Dataset extract:
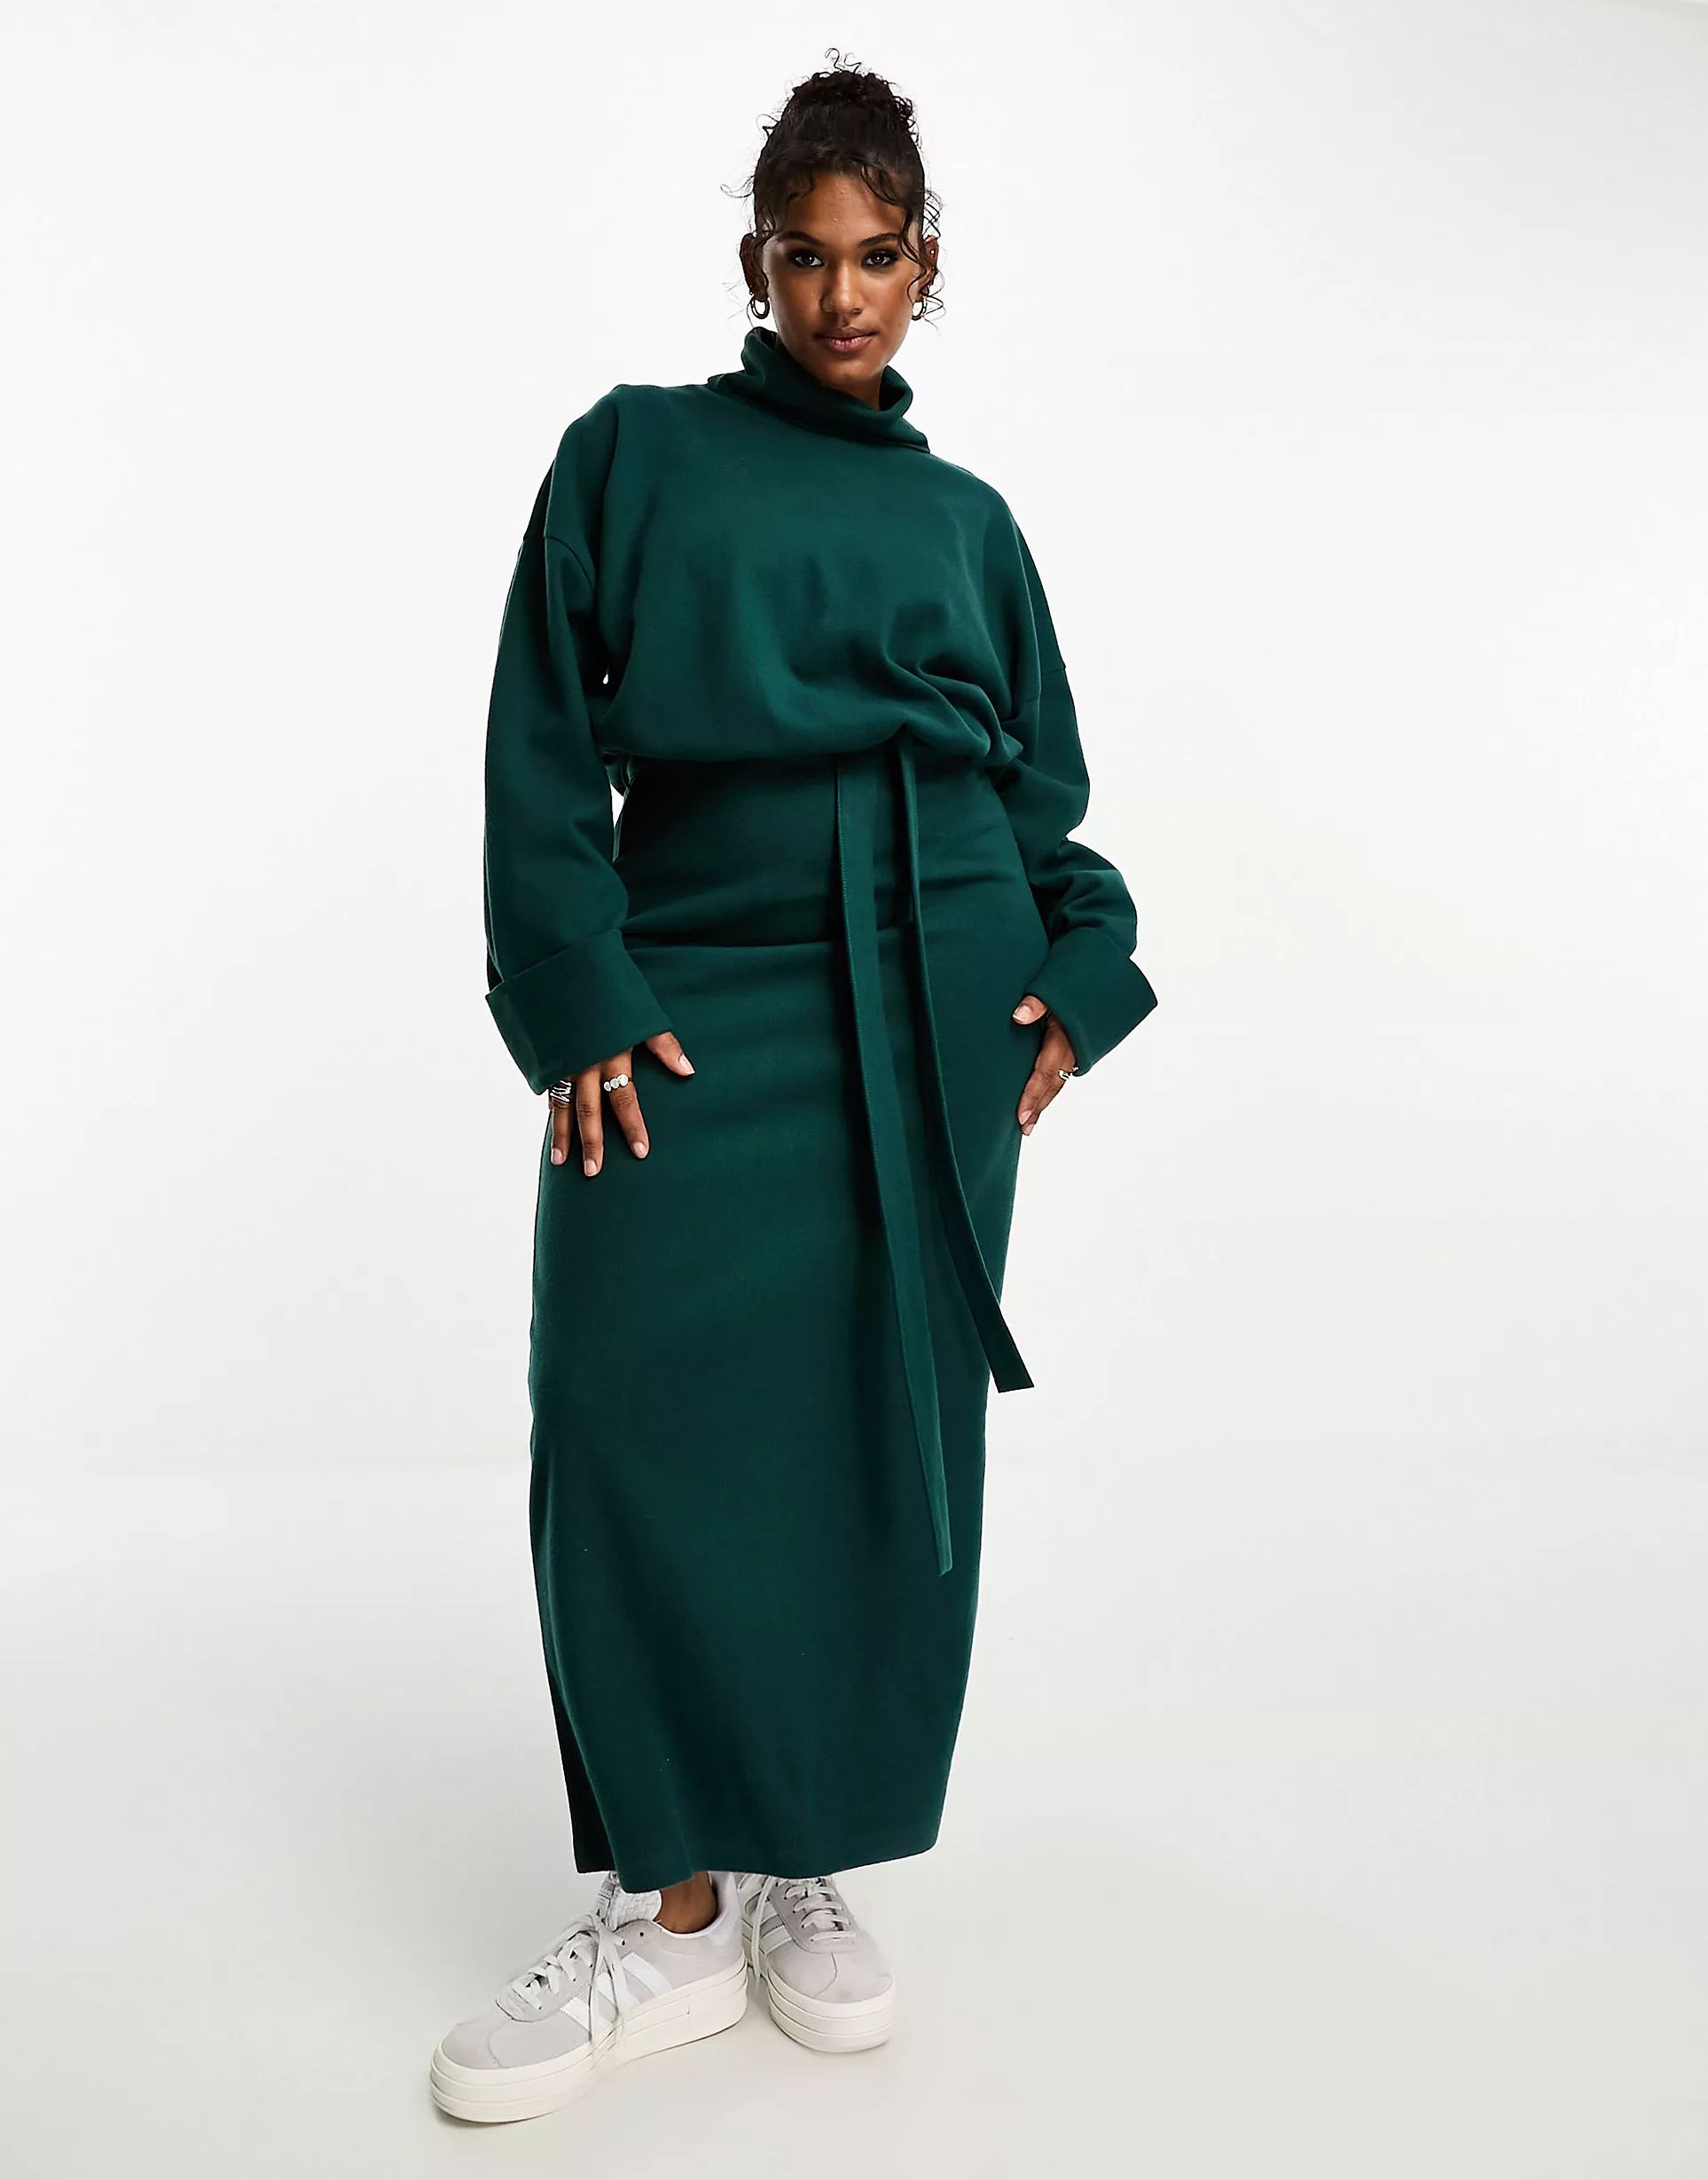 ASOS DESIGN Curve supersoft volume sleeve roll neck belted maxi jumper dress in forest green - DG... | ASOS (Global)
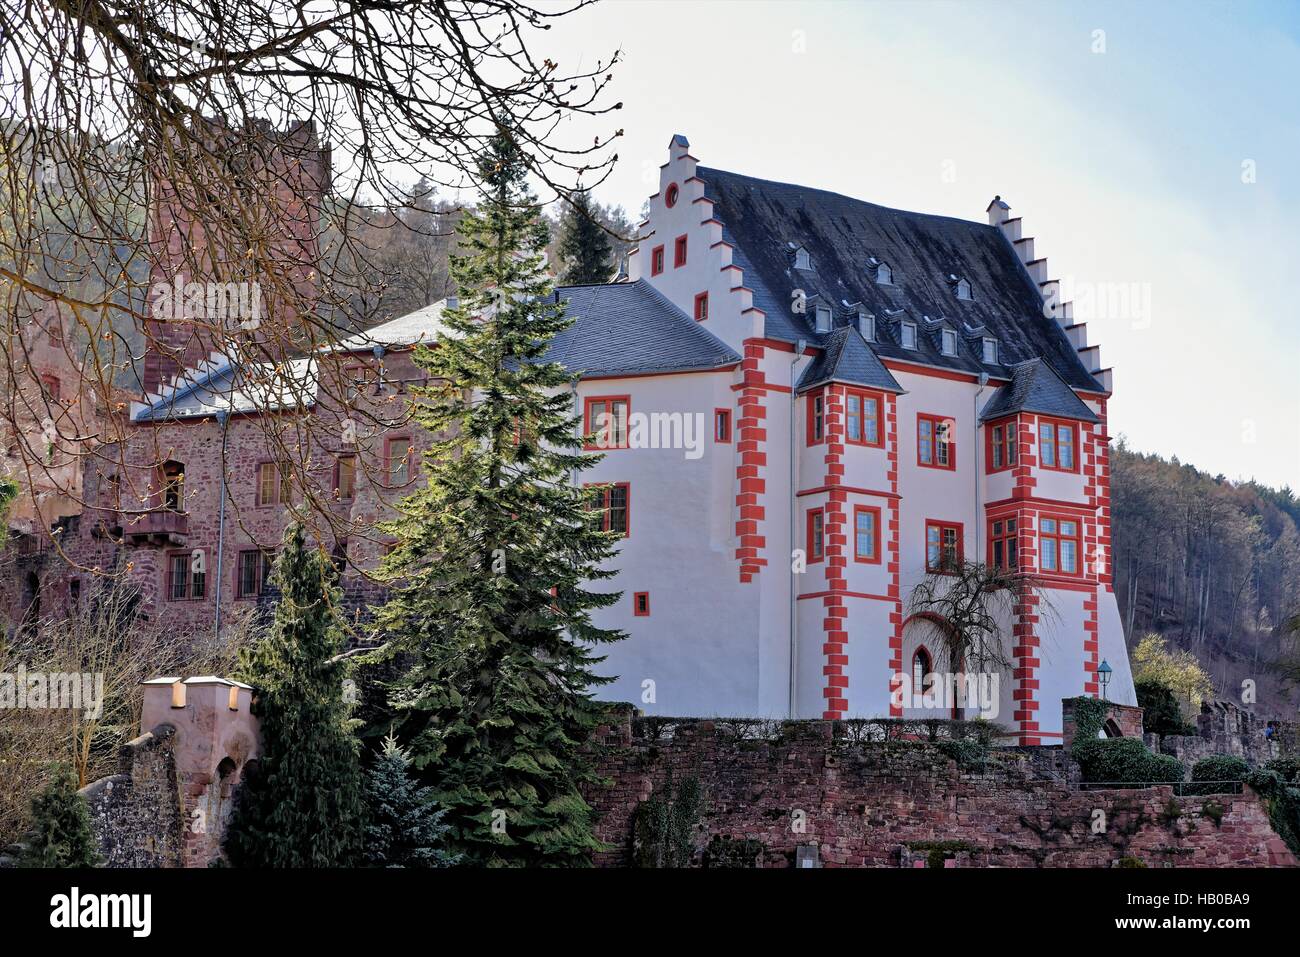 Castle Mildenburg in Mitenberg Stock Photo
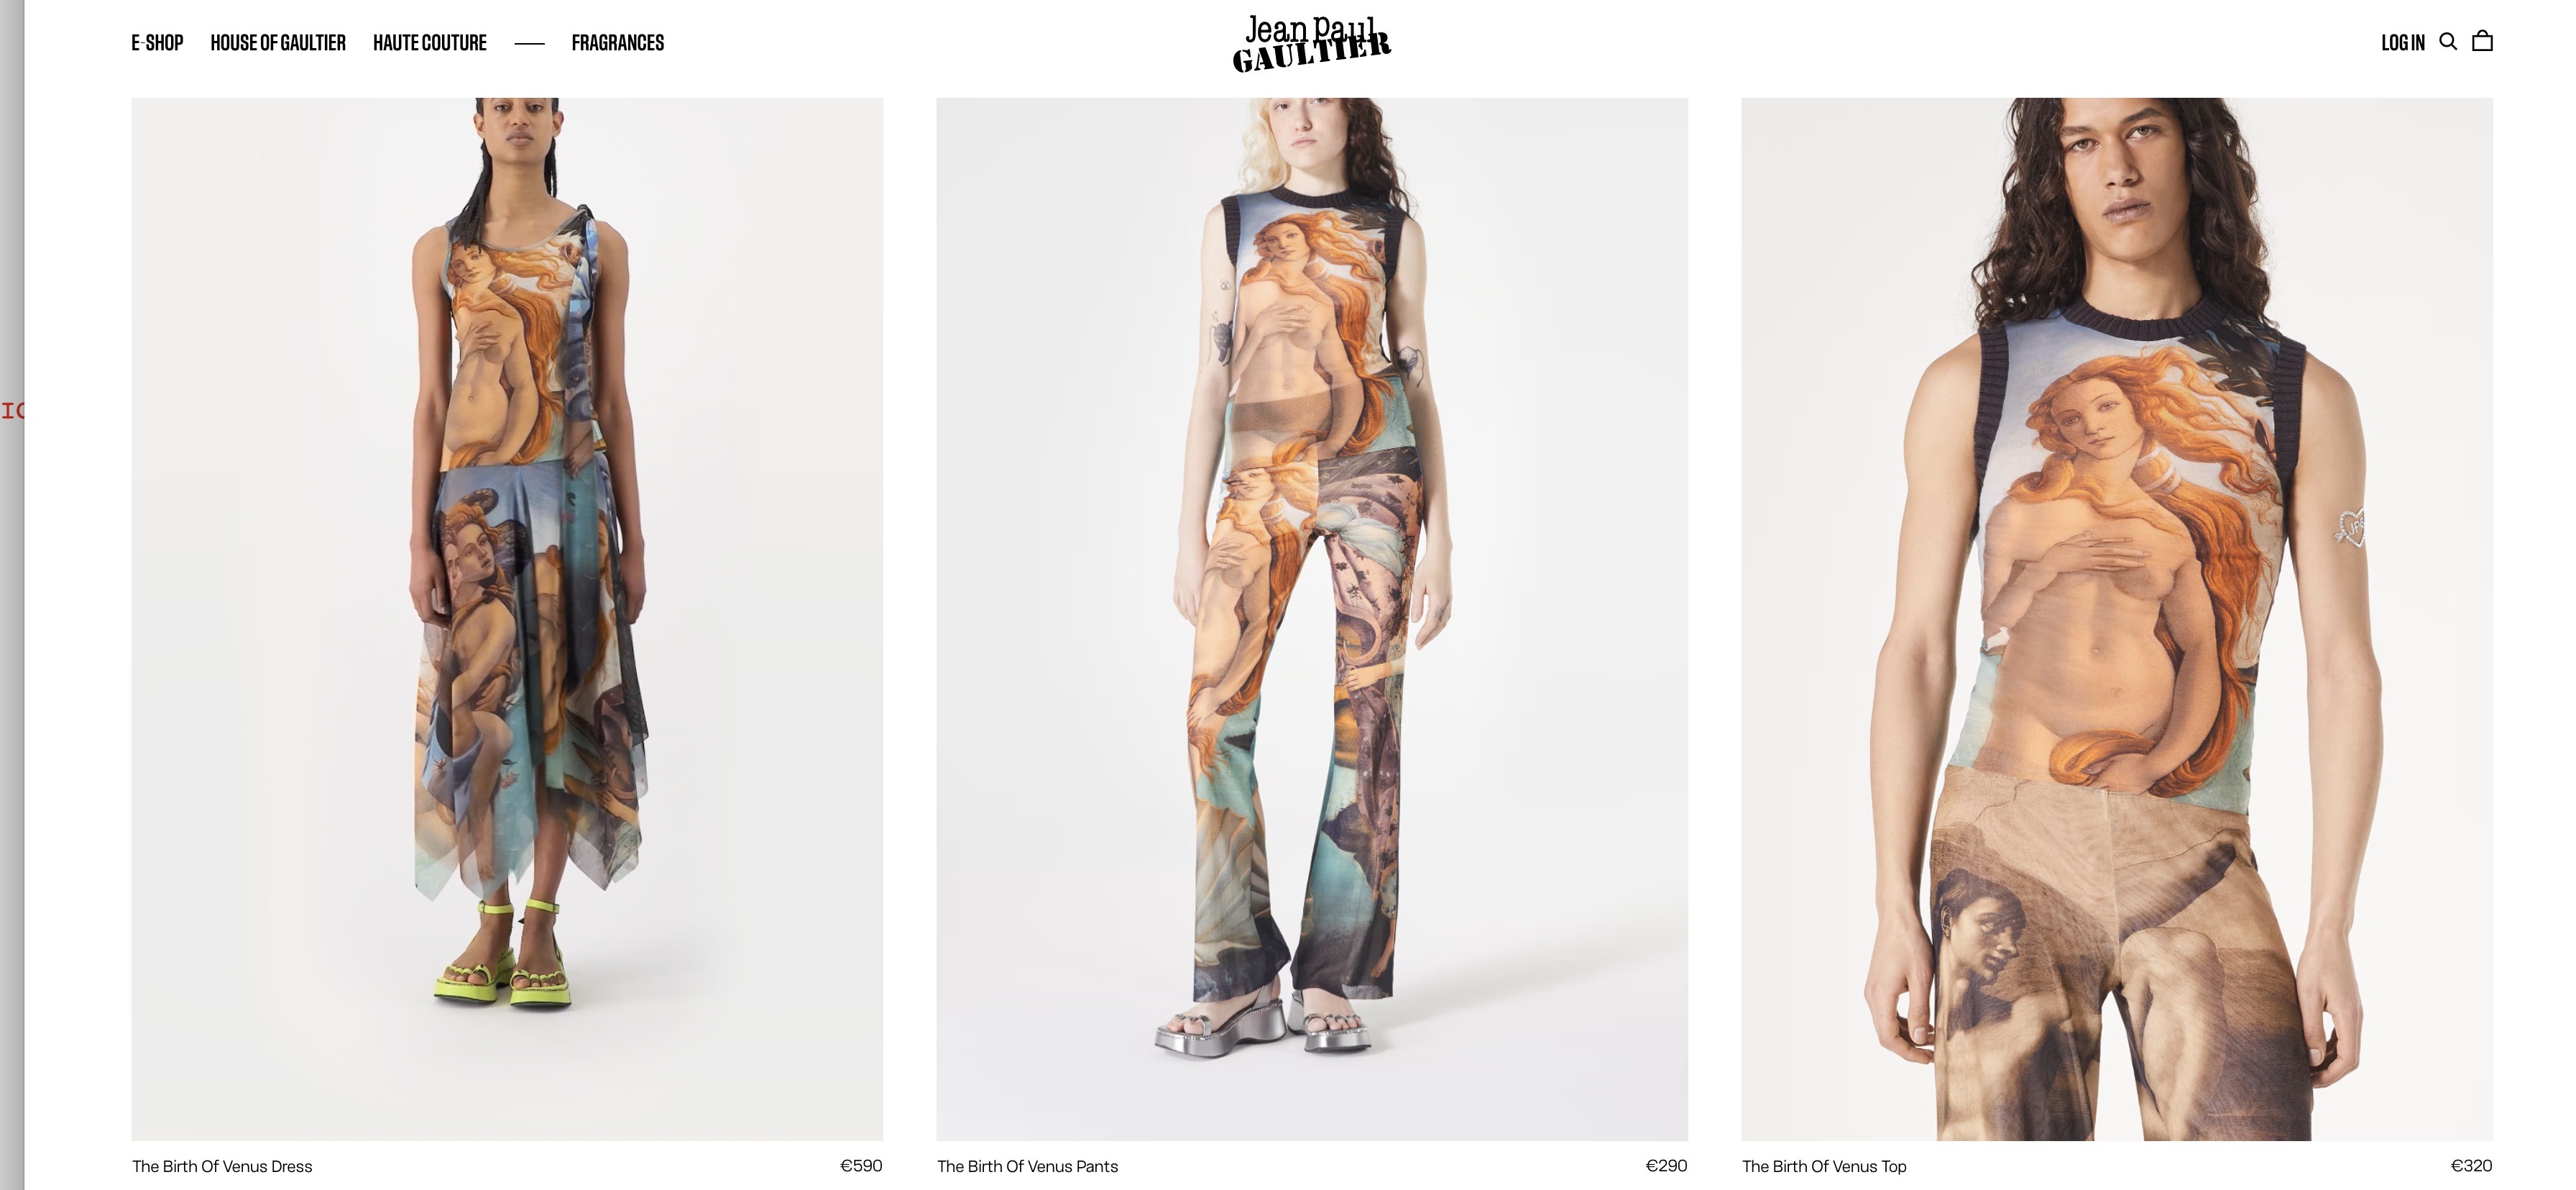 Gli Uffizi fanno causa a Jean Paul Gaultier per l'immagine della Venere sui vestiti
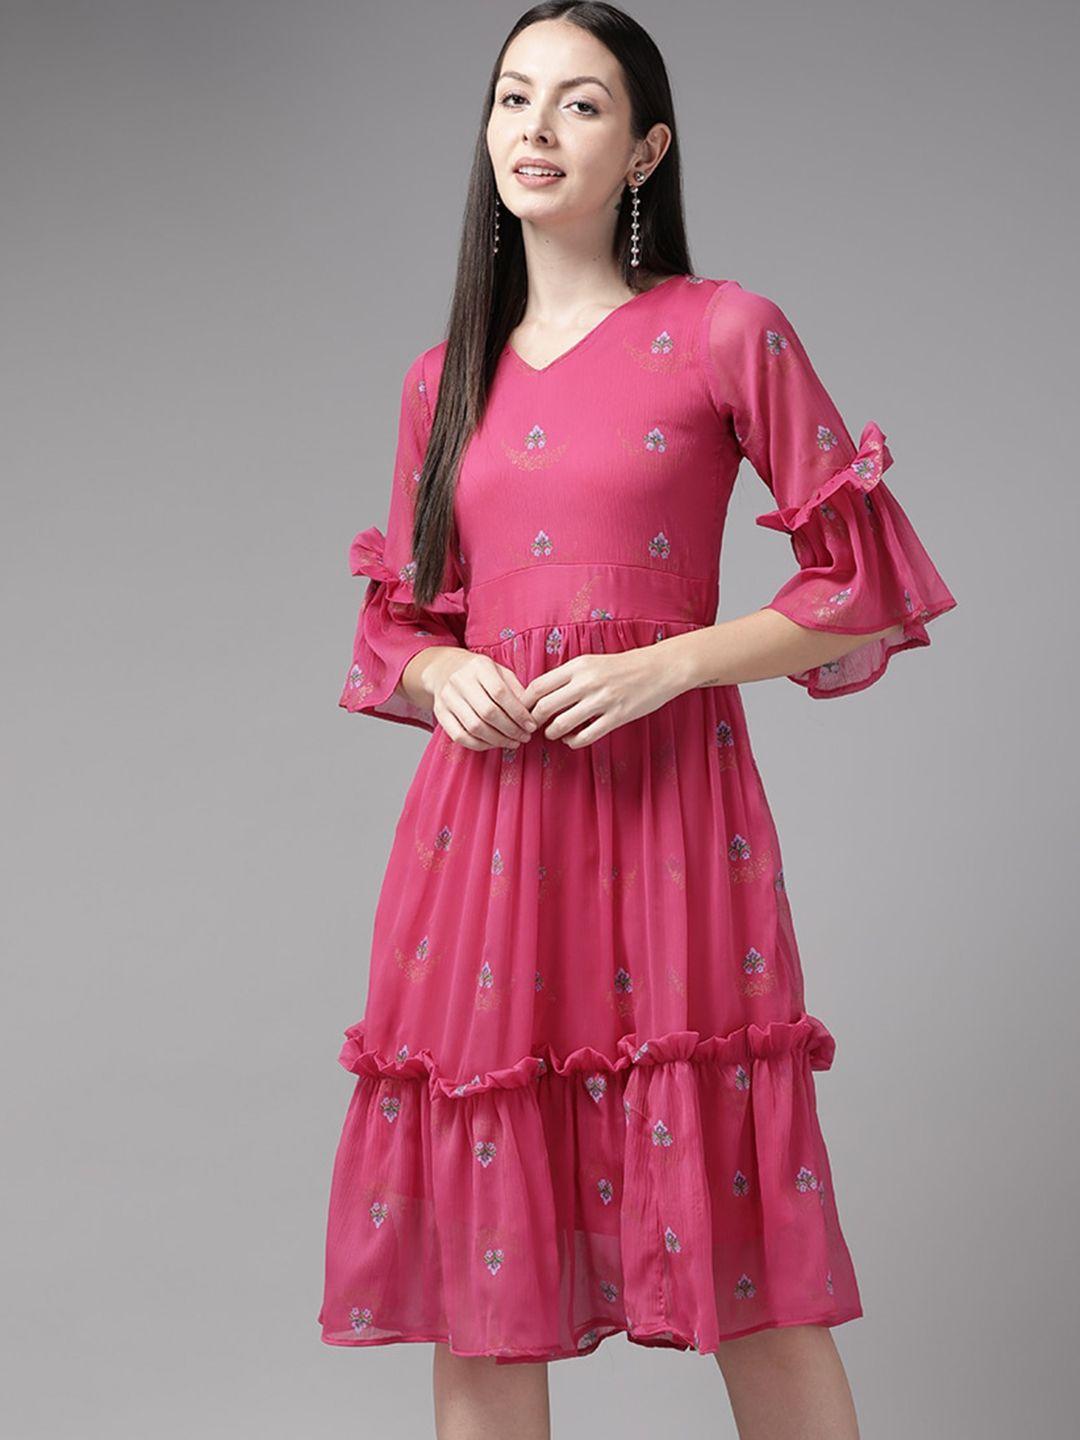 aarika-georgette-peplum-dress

The task: Return all the material exactly, skipping pictures.

Answer to the problem:
 ASOS DESIGN Curve supersoft volume sleeve roll neck belted maxi jumper dress in forest green - DG... | ASOS (Global)
 Castle Mildenburg in Mitenberg Stock Photo
 Gli Uffizi fanno causa a Jean Paul Gaultier per l'immagine della Venere sui vestiti
 aarika-georgette-peplum-dress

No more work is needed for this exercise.